Archives of biochemistry and biophysics

Expression and characterization of human pancreatic preprocarboxypeptidase A1 and preprocarboxypeptidase A2.

PMID 8806703


We are investigating the potential utility of human carboxypeptidases A in antibody-directed enzyme prodrug therapy (ADEPT). Hybridization screening of a human pancreatic cDNA library with cDNA probes that encoded either rat carboxypeptidase A1 (rCPA1) or carboxypeptidase A2 (rCPA2) was used to clone the human prepro-CPA homologs. After expression of the respective pro-hCPA cDNA in Saccharomyces cerevisiae, the enzymes were purified to homogeneity by a combination of hydrophobic and ion-exchange chromatography.
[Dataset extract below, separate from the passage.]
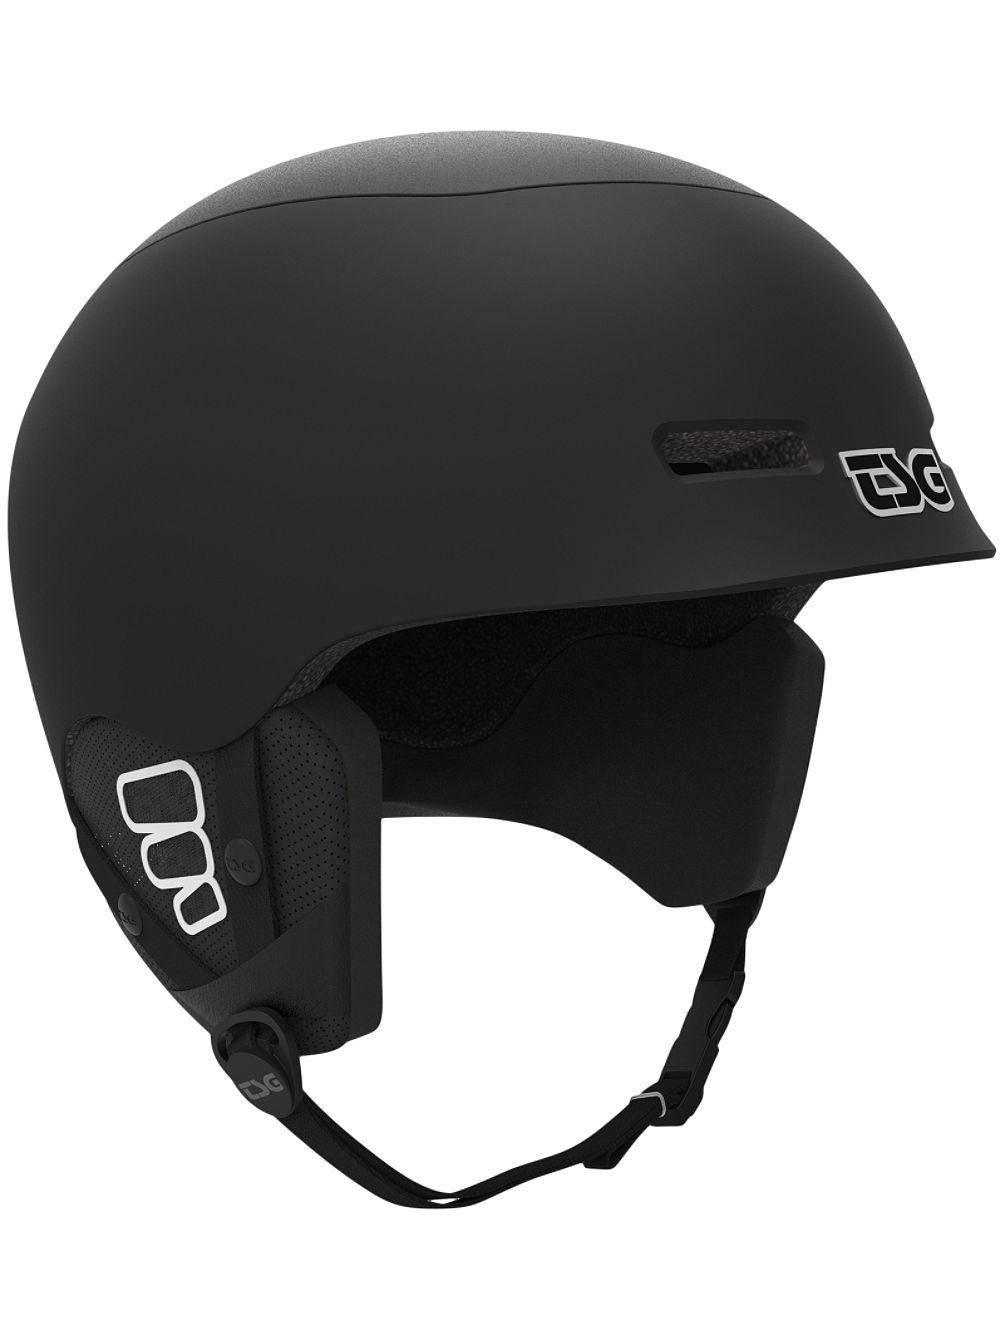 tsg-konik-solid-color-helmet

Purified hCPA1 and hCPA2 migrate as a single protein band with M(r) 34,000 when subjected to gel electrophoresis in the presence of sodium dodecyl sulfate under reducing conditions. Kinetic studies of the purified enzymes with hippuryl-L-phenylalanine resulted in kcat/Km values of 57,000 and 19,000 M-1 s-1 for hCPA1 and hCPA2, respectively. Using the ester substrate, hippuryl-D, L-phenyllactate, we found unique esterase/ peptidase specific activity ratios among hCPA1, hCPA2, rCPA1, and bovine CPA (bCPA) ranging from 13 to 325. Two potential ADEPT substrates, methotrexate-alpha-phenylalanine (MTX-Phe) and methotrexate-alpha-(1-naphthyl)alanine (MTX-naphthylAla) were also analyzed. The kcat/Km values for MTX-Phe were 440,000 and 90,000 M-1 s-1 for hCPA1 and hCPA2, respectively, and for MTX-naphthylAla these values were 1400 and 1,400,000 M-1 s-1 for hCPA1 and hCPA2, respectively. The kinetic data show that hCPA2 has a larger substrate binding site than the hCPA1 enzyme. Differences between hCPA1 and hCPA2 were also observed in thermal stability experiments at 60 degrees C where the half-life for thermal denaturation of hCPA2 is eightfold longer than that for hCPA1. These experiments indicate that hCPA1 and hCPA2 are potential candidates for use in a human-based ADEPT approach.